A quel punto fu abbastanza chiaro ciò che stava accadendo: il capitano riportò immediatamente alle autorità di Palermo la nascita di un nuovo vulcano. Nei giorni seguenti furono numerose le testimonianze di una grande colonna di vapore e gas fuoriuscire dal mare. Il 16 luglio il signor Vincenzo Barresi, agente principale della Regia doganale, si avvicinò coraggiosamente alla colonna di fumo, portandosi a una distanza di circa centocinquanta metri e riuscendo ad osservare esplosioni intermittenti di magma incandescente ogni dieci-dodici minuti.

La bocca eruttiva dunque doveva ormai essere prossima alla superficie del mare. Lo spessore della colonna d’acqua al di sopra del magma doveva essersi ormai ridotto talmente tanto da contribuire ad una vigorosa attività freatomagmatica. L’eruzione a quel punto passò da sottomarina a subaerea: il forte odore di zolfo “sì dispiacevole che rendevasi insoffribile alla respirazione” raggiungeva la costa di Sciacca, mentre l’orizzonte era dominato dalla possente e persistente colonna eruttiva, che di notte era addirittura illuminata da scariche elettriche.

La potenziale nascita di un nuovo lembo di terra pirogenica provocò grande interesse dal punto di vista politico ed anche scientifico.
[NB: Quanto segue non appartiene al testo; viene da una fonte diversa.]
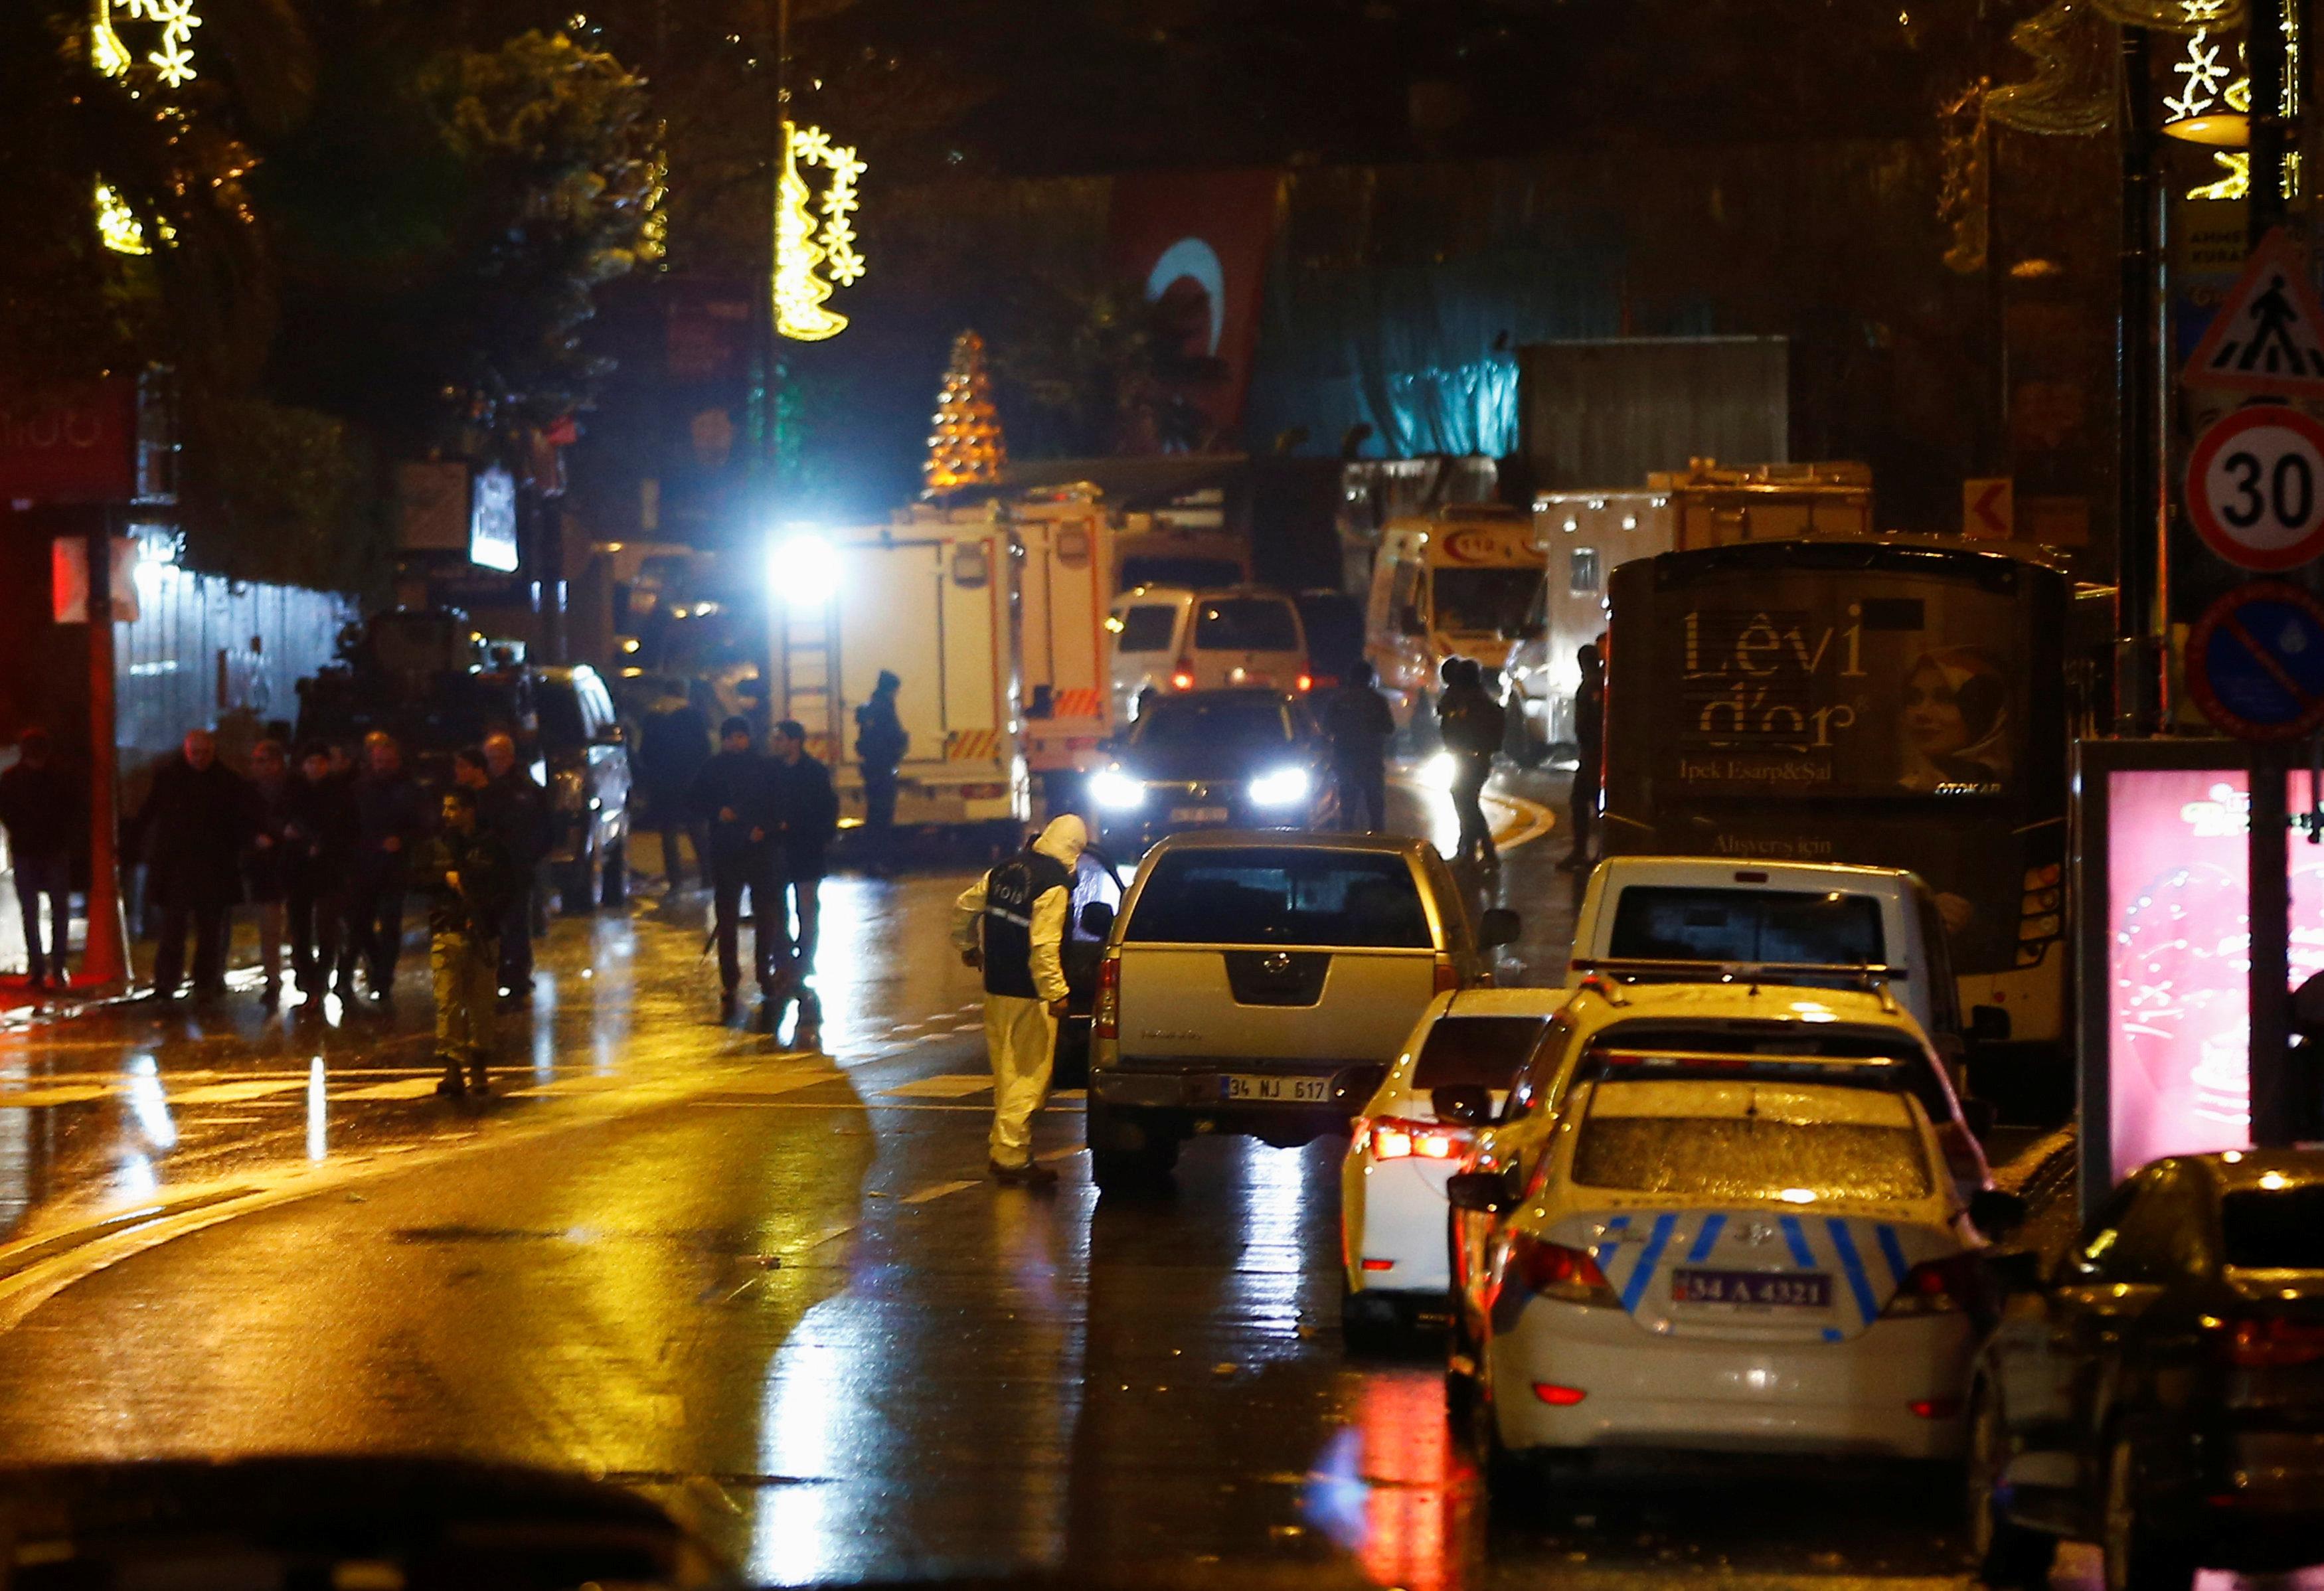 حادث ارهابى ليلة رأس السنة بتركيا

Così da Palermo salpò il 13 luglio “per sovrana determinazione” la real corvetta bombardiera ‘Etna’ capitanata da Don Raffaele Cacace.

Allo stesso modo, sull’onda dei numerosi rapporti di altri natanti, anche Malta si mosse inviando il cutter Hind, comandato dal tenente Coleman, e il Philomel, comandato da Mr. William Smith. Insomma le acque circostanti il novello vulcano risultarono parecchio affollate, considerata anche la presenza di numerosi curiosi, viaggiatori di passaggio e soprattutto studiosi.

Tra questi ultimi bisogna menzionare Fredrich Hoffmann docente di geologia presso l’Università di Berlino che, trovandosi casualmente in Sicilia, si precipitò nella zona del teatro eruttivo.

Hoffmann fu così il primo studioso a redigere un rapporto scientifico sull’attività vulcanica al largo di Sciacca. Alla fine di luglio, tra flutti, esplosioni e vapori, faceva capolino una “piccola collinetta di colore scuro alta pochi piedi sul mare che tosto veniva coperta dalle nuove eruzioni”: l’embrione di un’isola dai molti nomi che, contesa da mezzo mondo, beffò chiunque, sparendo nuovamente.